Most of the logic should be in compatibility.cuh. 61 should be easier than 52 and earlier.

Is seems I have a fix for 61

Narsil avatar Aug 10 '23 07:08 Narsil

Can you take my PR out for a spin ?

https://github.com/huggingface/candle/pull/386

It fixes compilation but it still doesn't work on my 52 because the ops are still not there. However once you have the PTX you can test out of candle and debug by more classical means to try and understand why it compiles but fails to run.

Narsil avatar Aug 10 '23 07:08 Narsil

Looks like that PR has been merged!

On current master, my 1080TI now works like a charm, thank you!

On my threadripper takes 13-15s for the example:

$ time cargo run --example whisper --release 
    Finished release [optimized] target(s) in 0.28s
     Running `target/release/examples/whisper`
Running on CPU, to run on GPU, build this example with `--features cuda`
No audio file submitted: Downloading https://huggingface.co/datasets/Narsil/candle_demo/blob/main/samples_jfk.wav
loaded wav data: Header { audio_format: 1, channel_count: 1, sampling_rate: 16000, bytes_per_second: 32000, bytes_per_sample: 2, bits_per_sample: 16 }
pcm data loaded 176000
loaded mel: [1, 80, 3000]
audio features: [1, 1500, 384]
3000: Segment { start: 0.0, duration: 30.0, dr: DecodingResult { tokens: [50257, 50363, 843, 523, 616, 5891, 3399, 1265, 407, 644, 534, 1499, 460, 466, 329, 345, 1265, 644, 345, 460, 466, 329, 534, 1499, 13, 50903, 50256], text: " And so my fellow Americans ask not what your country can do for you ask what you can do for your country.", avg_logprob: -0.3303277552190798, no_speech_prob: 0.017772182822227478, temperature: 0.0, compression_ratio: NaN } }, in 15.577960389s

real	0m17.062s
user	0m12.536s
sys	0m3.221s

Enabling the cuda feature takes it well below a second (~2 seconds total runtime).
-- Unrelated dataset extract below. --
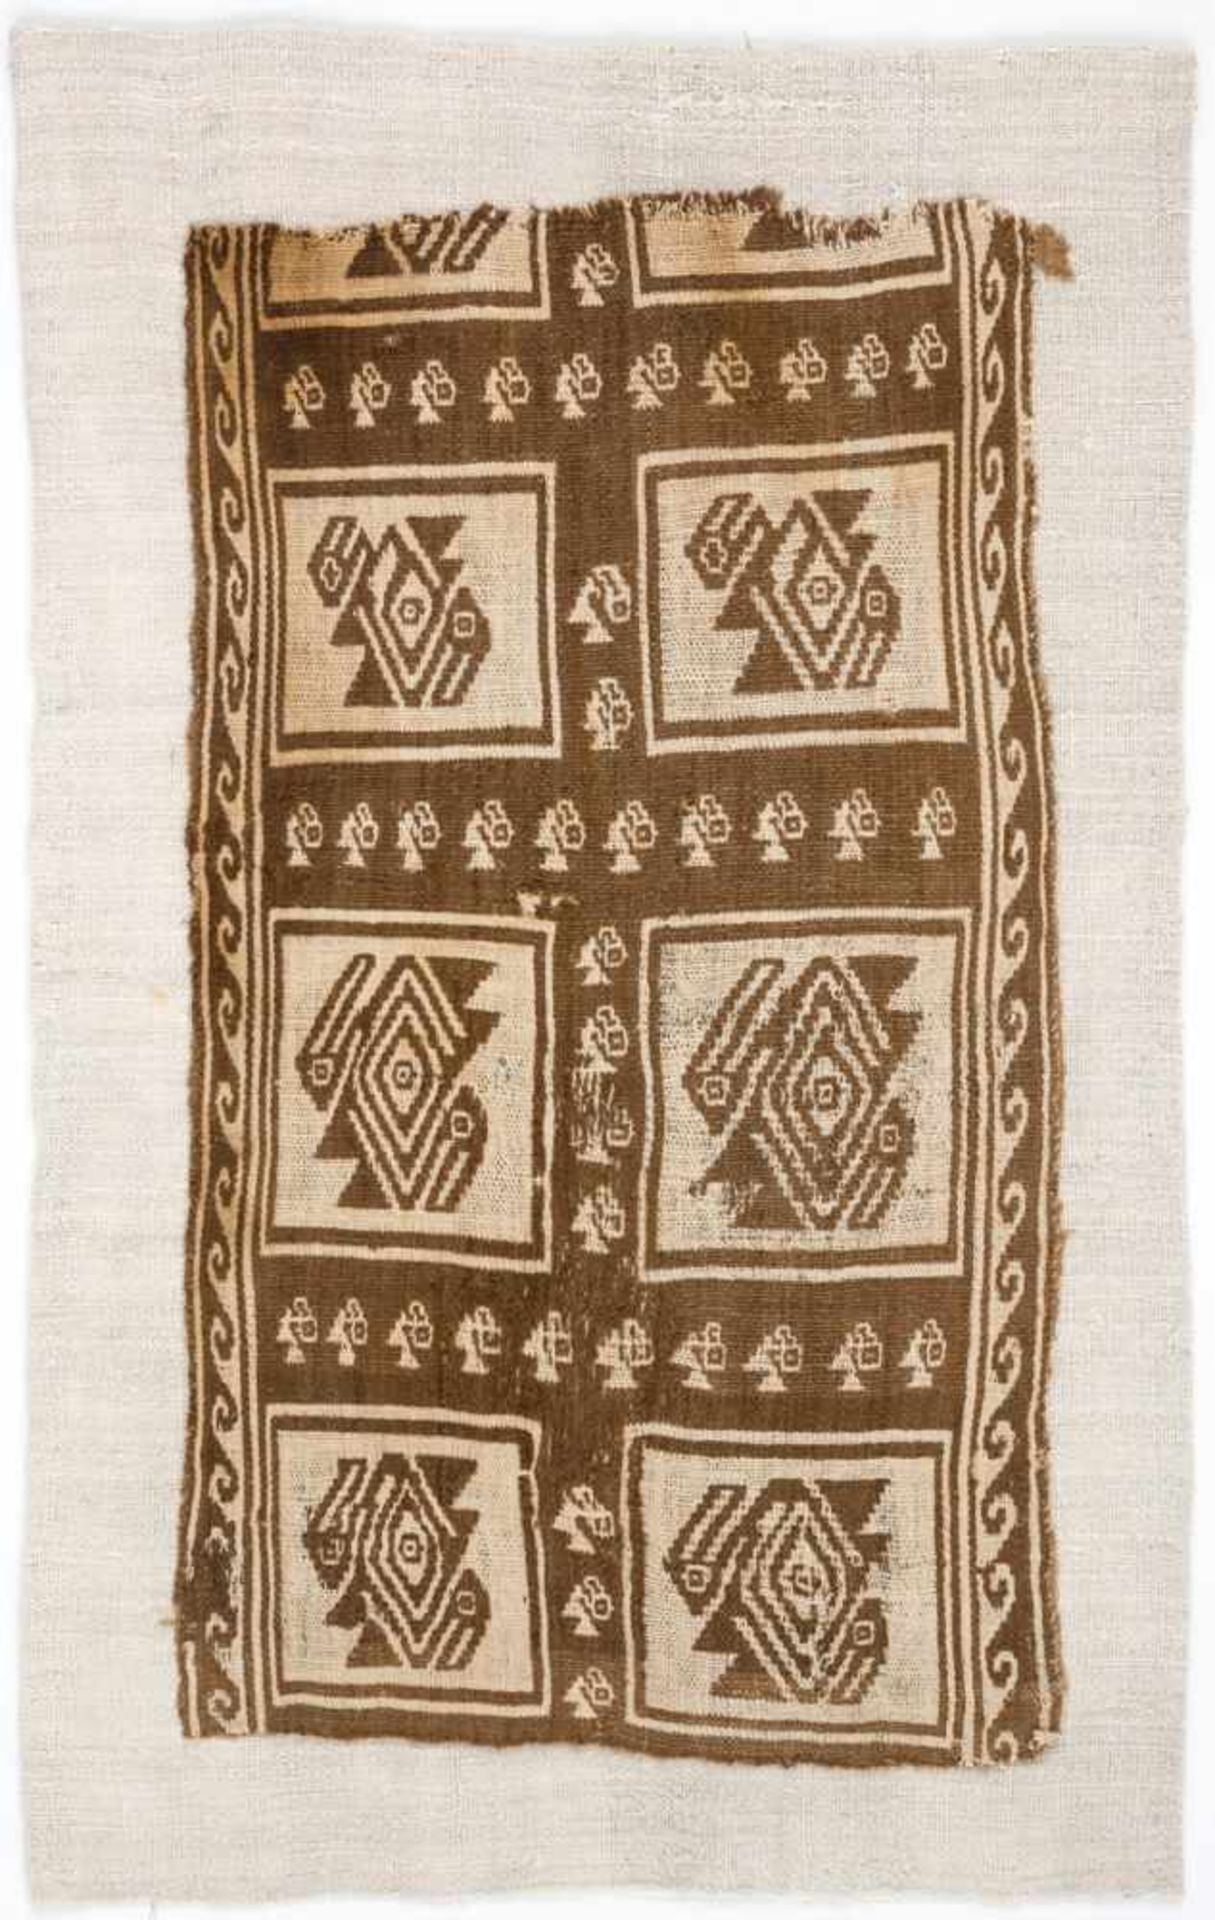 Altperuanisches TextilfragmentBaumwolleca. 50 x 28 cmProvenienz: Sammlung Dr. Dorothea Hentschel /

Wow!

$ time cargo run --example whisper --release --features cuda
    Finished release [optimized] target(s) in 0.31s
     Running `target/release/examples/whisper`
No audio file submitted: Downloading https://huggingface.co/datasets/Narsil/candle_demo/blob/main/samples_jfk.wav
loaded wav data: Header { audio_format: 1, channel_count: 1, sampling_rate: 16000, bytes_per_second: 32000, bytes_per_sample: 2, bits_per_sample: 16 }
pcm data loaded 176000
loaded mel: [1, 80, 3000]
audio features: [1, 1500, 384]
3000: Segment { start: 0.0, duration: 30.0, dr: DecodingResult { tokens: [50257, 50363, 843, 523, 616, 5891, 3399, 1265, 407, 644, 534, 1499, 460, 466, 329, 345, 1265, 644, 345, 460, 466, 329, 534, 1499, 13, 50903, 50256], text: " And so my fellow Americans ask not what your country can do for you ask what you can do for your country.", avg_logprob: -0.3305633301574319, no_speech_prob: 0.017772099003195763, temperature: 0.0, compression_ratio: NaN } }, in 300.960168ms

real	0m2.166s
user	0m1.582s
sys	0m0.433s

CUDA-backed NNs in Rust!? This is really exciting :)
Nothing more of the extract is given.